Around the time when I decided to learn more about Hadoop, the folks from Karmasphere reached out to me and asked if I was interested in learning about Hadoop or their Karmasphere product for developing against it. It sounded like a good idea, so I had two in-depth conversations with Martin Hall (co-founder and CEO of Karmasphere), and Abe Taha (the VP of Engineering at Karmasphere) joined us for the second conversation. I'll share what I learned about Hadoop, and explain how to develop against it.
Hadoop in a nutshell
Part of the reason why I had a difficult time getting a handle on Hadoop is that the Hadoop ecosystem is filled with buzzwords and phrases that only make sense to those who are already familiar with it.

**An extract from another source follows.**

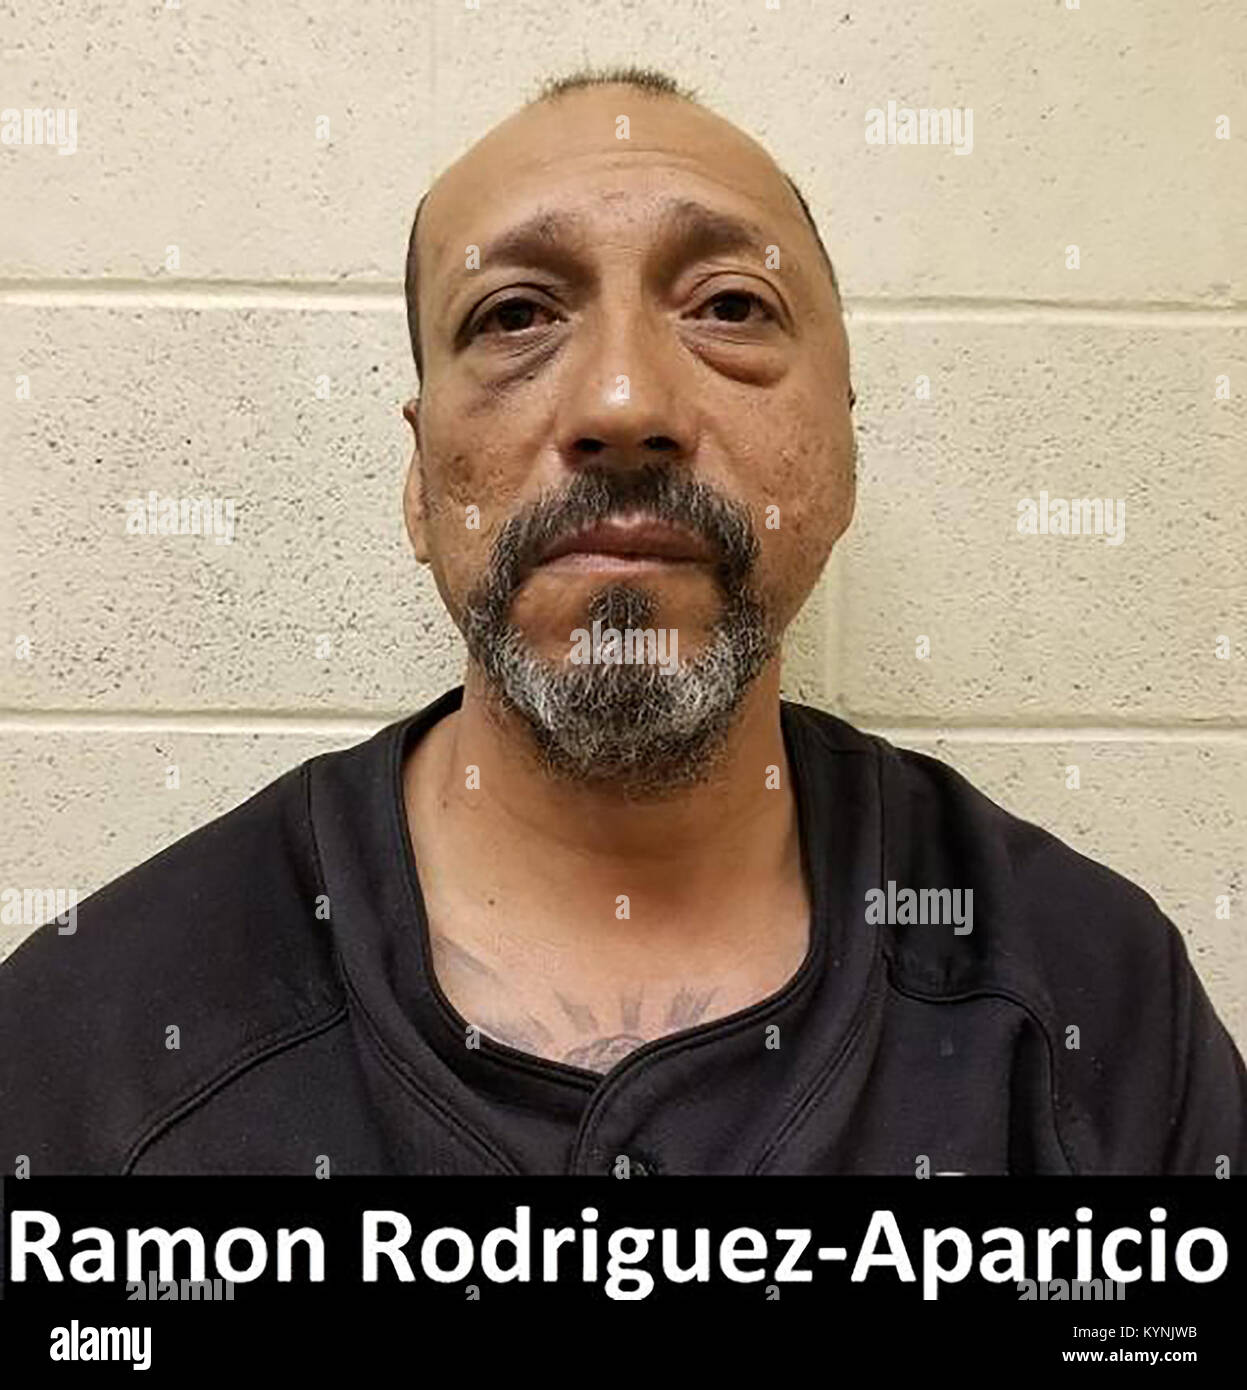 TUCSON, Ariz - Tucson Sektor Border Patrol Agents in den drei Punkte sub zugewiesen - Bahnhof festgenommen neun illegale Ausländer Samstag, später Identifizieren einer von Ihnen als zuvor MS-13 Bandenmitglieder mit mehreren Kapitalverbrechenüberzeugungen deportiert. Während der Aufnahme überprüft, Agenten identifiziert ein 45 Jahre alter Mann aus El Salvador in die Gruppe als Ramon Rodriguez-Aparicio, einer MS-13 Bandenmitglieder mit umfangreiche kriminelle Geschichte in Kalifornien. Rodriguez im Bundesschutz bis zur Strafverfolgung für kriminelle Einwanderung Verletzungen einschließlich Wiedereintritt eines verschärft Täter bleiben. Foto bereitgestellt von: US-Zoll Stockfoto

Martin really cut through the junk, and now I understand it.
So, to put it in plain English: Hadoop is a platform for performing distributed computing. That's easy enough to understand, right? There are some add-ons for things such as distributed file storage and distributed database access, but at the heart of it, Hadoop is a processing platform that partitions the work across multiple machines in a cluster.
What problems does Hadoop address?
Hadoop is currently aimed at "big data" problems (say, processing Census Bureau data). The nice thing about it is that a Hadoop cluster scales out easily, and there are a number of providers who will let you add and remove instances from a Hadoop cluster as your needs change to save you money. It is the kind of system that lends itself perfectly to cloud computing, although you could definitely have a Hadoop cluster in-house.

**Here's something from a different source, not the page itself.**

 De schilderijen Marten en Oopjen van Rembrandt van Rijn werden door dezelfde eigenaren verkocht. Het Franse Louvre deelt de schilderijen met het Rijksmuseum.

While the focus is on number crunching, I think that Hadoop can easily be used in any situation where a massively parallelized architecture is needed.
How Hadoop works
What makes Hadoop easy on the developer is that your code plugs into the Hadoop architecture. In some similar systems (e.g., the .NET Parallel Extensions Library), the system provides methods for your class to call, which means that you have to figure out where the system fits into your application.
With Hadoop, you typically write Java classes that implement particular interfaces for each stage of the Hadoop processing cycle. I say typically because you do not have to write Java classes if you do not want; you can also pass the data to a command line or an application written in Ruby, Python, C#, etc., so long as it can parse Hadoop's input format and produce its output to Hadoop's requirements. This gives you supreme flexibility when designing your Hadoop applications, and it is something that I consider critical.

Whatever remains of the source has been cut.